The Biopsy: Dental Surgeon Visit

Following the ENT’s recommendation, I saw a dental surgeon. This experience was memorable. The surgeon, confident yet somewhat dismissive, assured me he was 99% sure it wasn’t cancer. Despite the odds, his confidence was somewhat comforting. He performed the biopsy on a Friday and told me to enjoy my weekend.

This Phone Call is Gonna Be Bad 

Finally I get a call from my ENT.  Not the dental surgeon who I was waiting to hear back from.  The second I heard her voice I knew I was fucked.   Like… it was late in the day, it was a full 10 days later from the appointment.   She clearly waited until the end of the day to make the call.  I know that because I could hear her beep beep beep warning as she backed into her garage and then quickly wrapped up the conversation.   God that fucking hurt.  Having like… 7 million questions and knowing that someone just… wanted to get off the phone with you.   

On to the Next one

So she referred me to another ENT who specializes in surgery.  Because I was going to need to have this thing… this tumor… this cancer cut out of my face.  It was so scary and surreal.  It still is about 95% of the time.   I struggle with just… accepting what’s happening.  It’s part of why I’m writing this all out right now… well, and the google ads.   Anways.  She quickly explained I had cancer and needed to talk to a surgeon.  

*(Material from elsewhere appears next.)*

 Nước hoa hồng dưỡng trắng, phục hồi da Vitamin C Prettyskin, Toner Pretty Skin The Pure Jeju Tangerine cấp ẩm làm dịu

OK So… Like an Actual Snail’s Pace Then? 

Then I hear from the surgeon.  I remember that it was August 7th because he told me my appointment wasn’t until the 19 and I straight up could NOT believe it.   I had to wait 12 days.  I tried to just realize that like… none of this was going to happen on my schedule.  It was all something that was going to happen in it’s own time.  

Not a Super Emotional Guy

I remember talking to Dr. Hamlar on the phone and I was in tears and just a mess and he was like… “ok great see you on the 19th” like.. He was a robot.  When I met him in person he was a little more compassionate, but I remember that first call didn’t really make me feel better in any type of way.  

 

The Big Day.  Of Cancer… Not Christmas. 

So now the big day comes, and boy am I excited I’ve waited all these days to get my questions answered.  I get to the desk and check in and they tell me that he is running way behind and that my 2:00 is now a 3:30.   OK.  I went on a little walk and saw the city and was able to have a moment to try to remember my questions and also maybe just calm down.  

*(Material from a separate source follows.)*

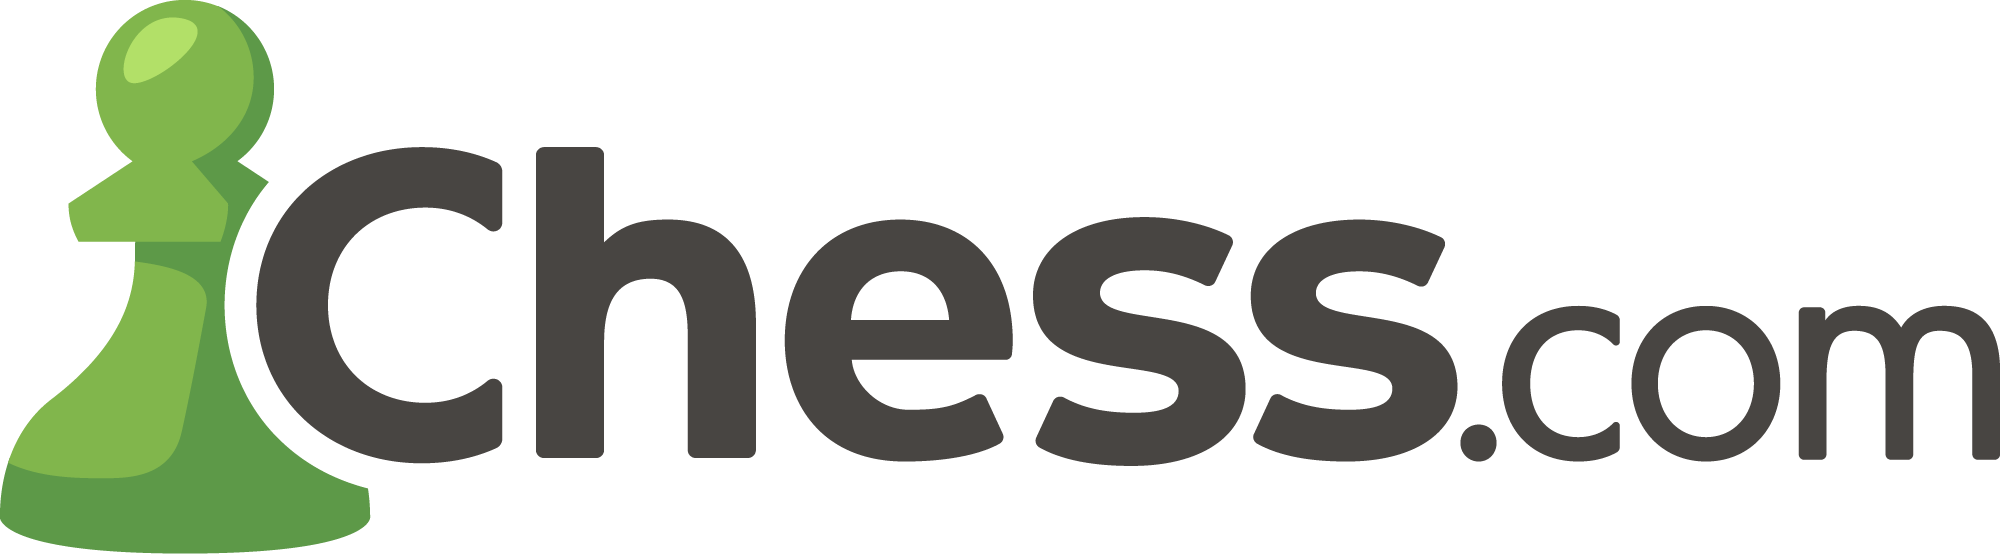 Chess.com логотип. Шахматы Chess.com. Логотип Чесс ком. Чесском логотип.

The First Appointment.   Sort of a Blank.

 

I do not really remember that much about the actual appointment.  I remember Dr. Hamlar being very confident.  I remember him saying that they were still doing some testing and that they weren’t sure if it was a type of cancer that can result from HPV, or if it was a more serious cancer that had a very high recurrence rate.  Turns out it was the second one.  But there’s something sort of interesting about that.  

Figuring Out What Caused This and Who’s Fault It Is

So here’s something interesting about when it was “maybe” the HPV type.   I was ready to just start out and out beating myself up about anything sexual I had done as a kid… IF that was the cause.   Like… I think I just had so much anger that I wanted to release it in ANY form possible, and blame seemed like a pretty good outlet.  In some later conversation I remember talking to a nurse and just really making sure that this was NOT the result of tobacco use or anything I did.   And they had to explain to me that like.. Even if that was the cause, it’s not like I deserved cancer.  It was such a clusterfuck of emotions.   I think I wanted to find a way to hate myself, again just as a means of release of all this terrible uncertainty and fear.  

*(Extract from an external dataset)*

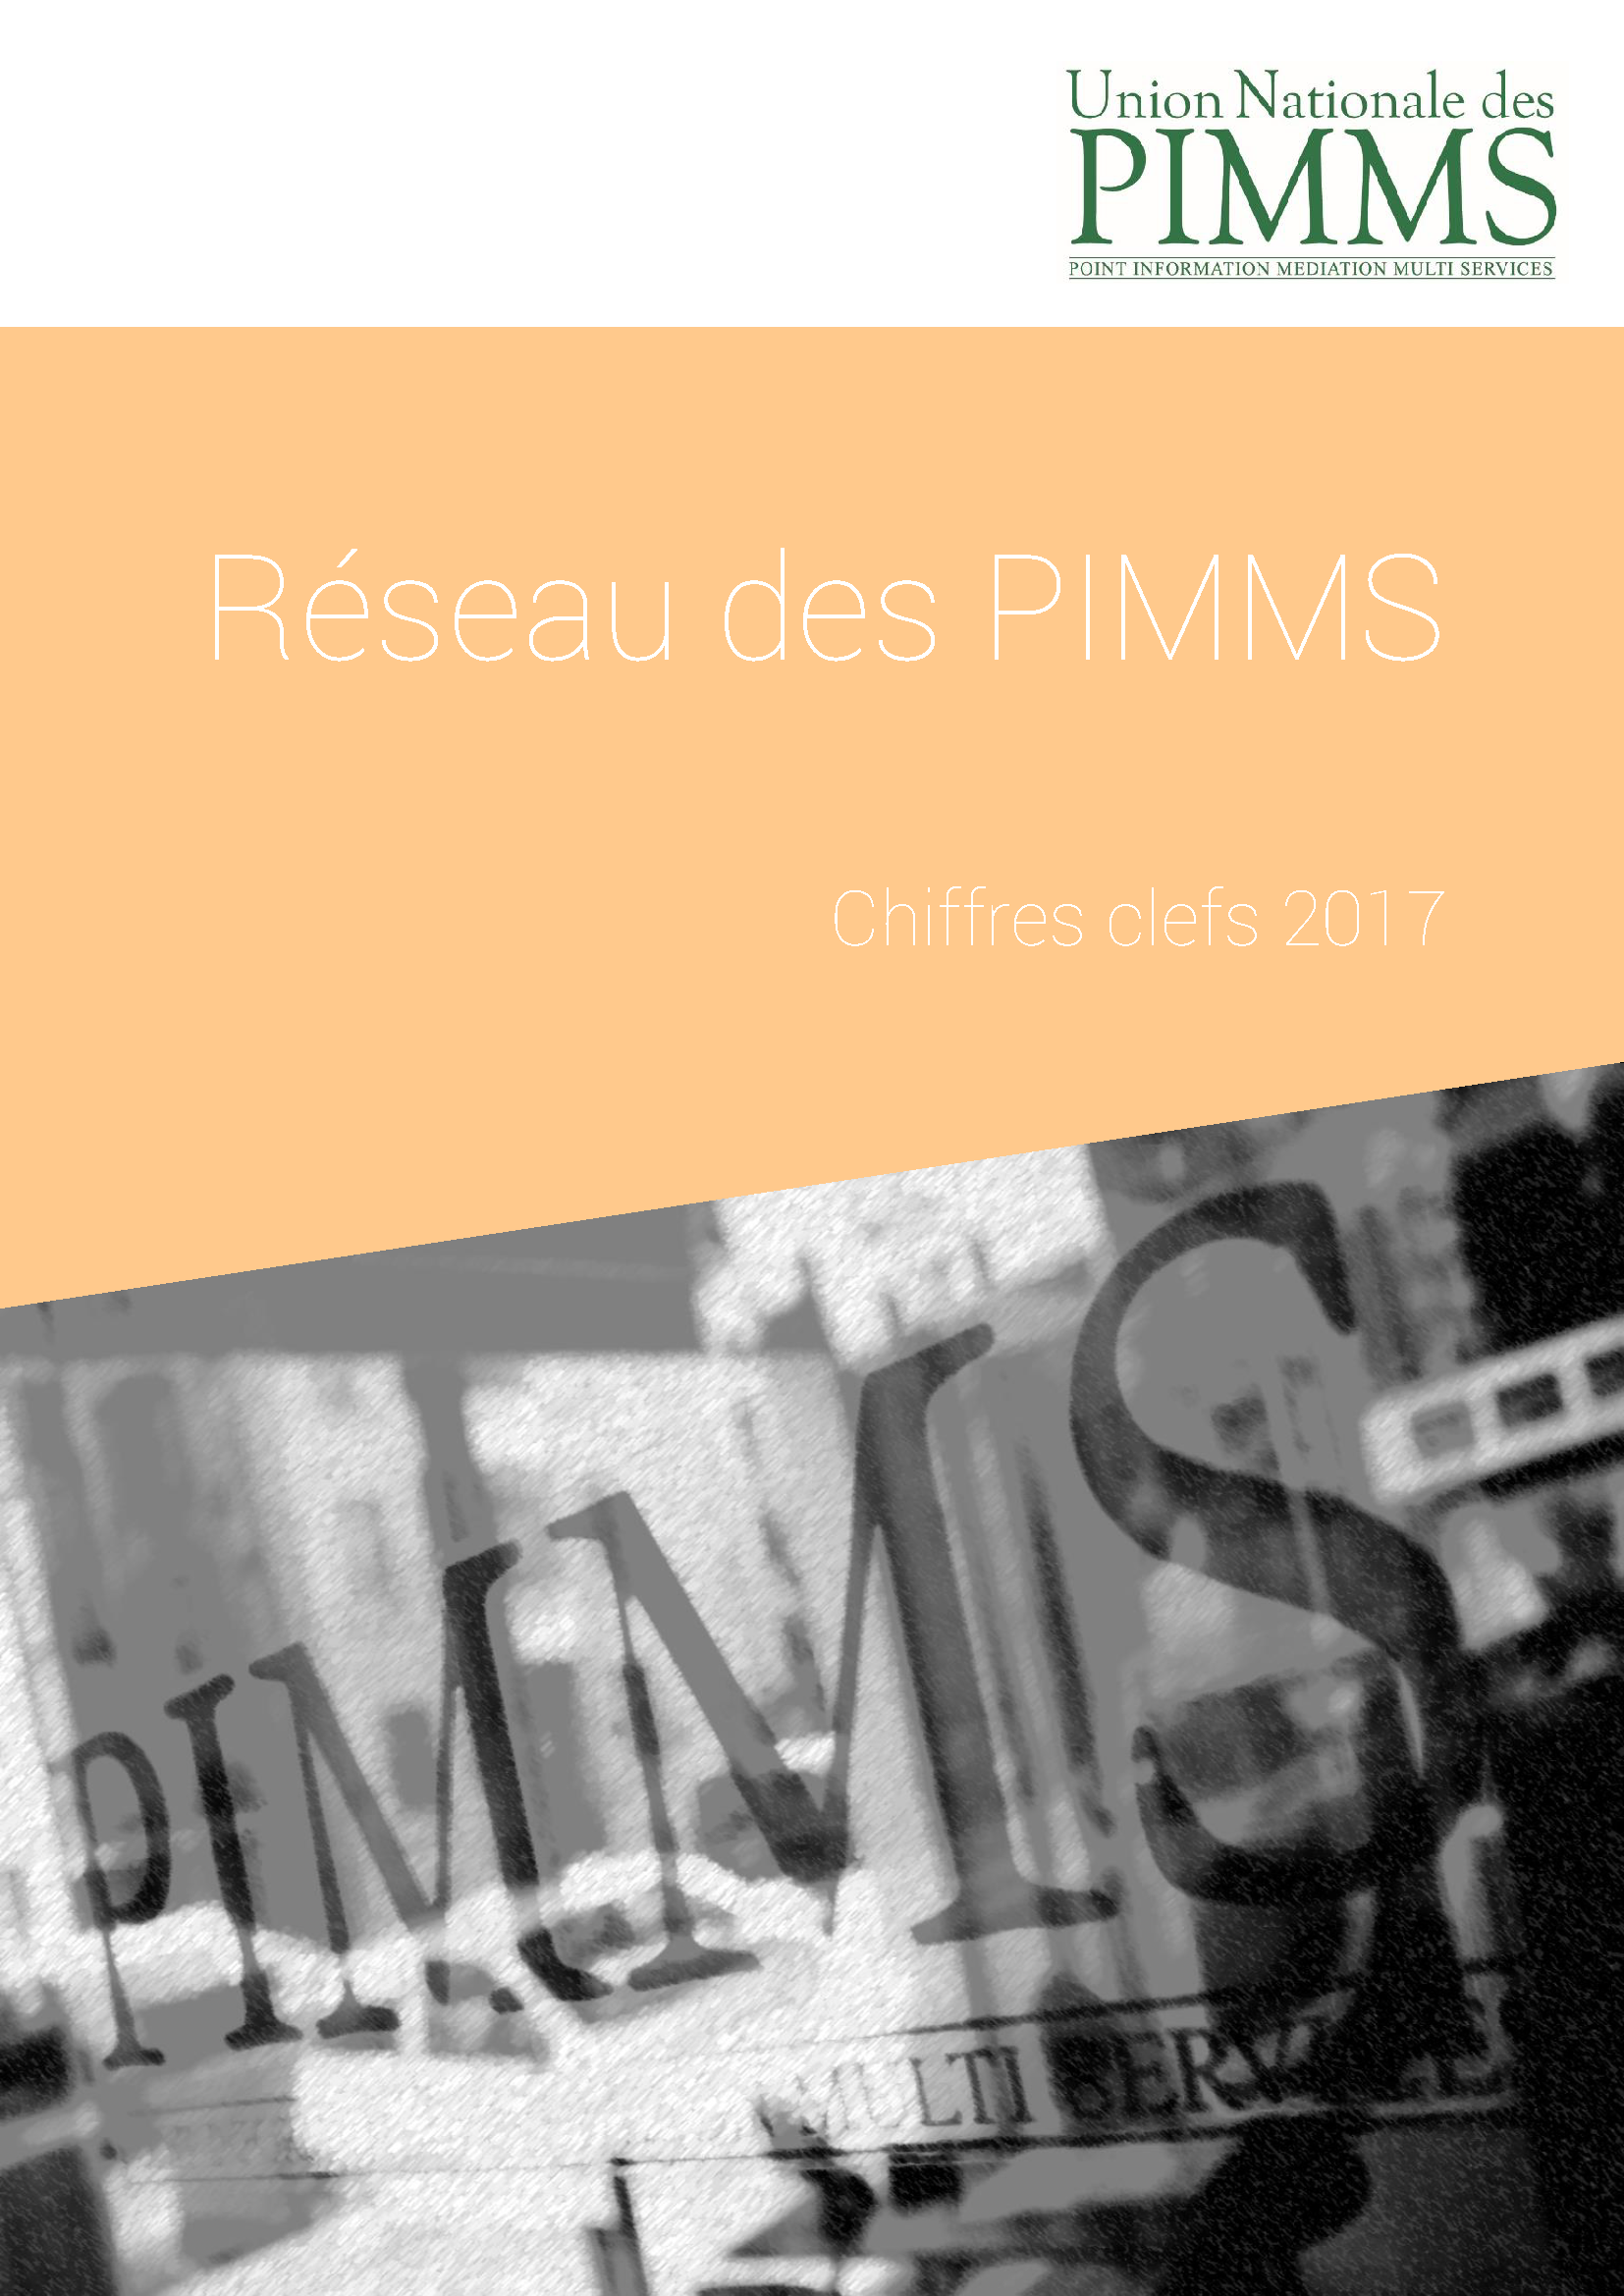 Chiffres clefs 2017 du réseau des PIMMS_Page_1

The First of Many Moments That a Nurse Helped

That thing I mentioned above, about the nurse explaining that this is not my fault.   This was such a big deal.   I think a lot of what was happening was just straight up confusion, but I needed someone to explain this wasn’t my fault.  I think things are my fault.  Sometimes I think people have trouble just… being comfortable existing.  That was me. 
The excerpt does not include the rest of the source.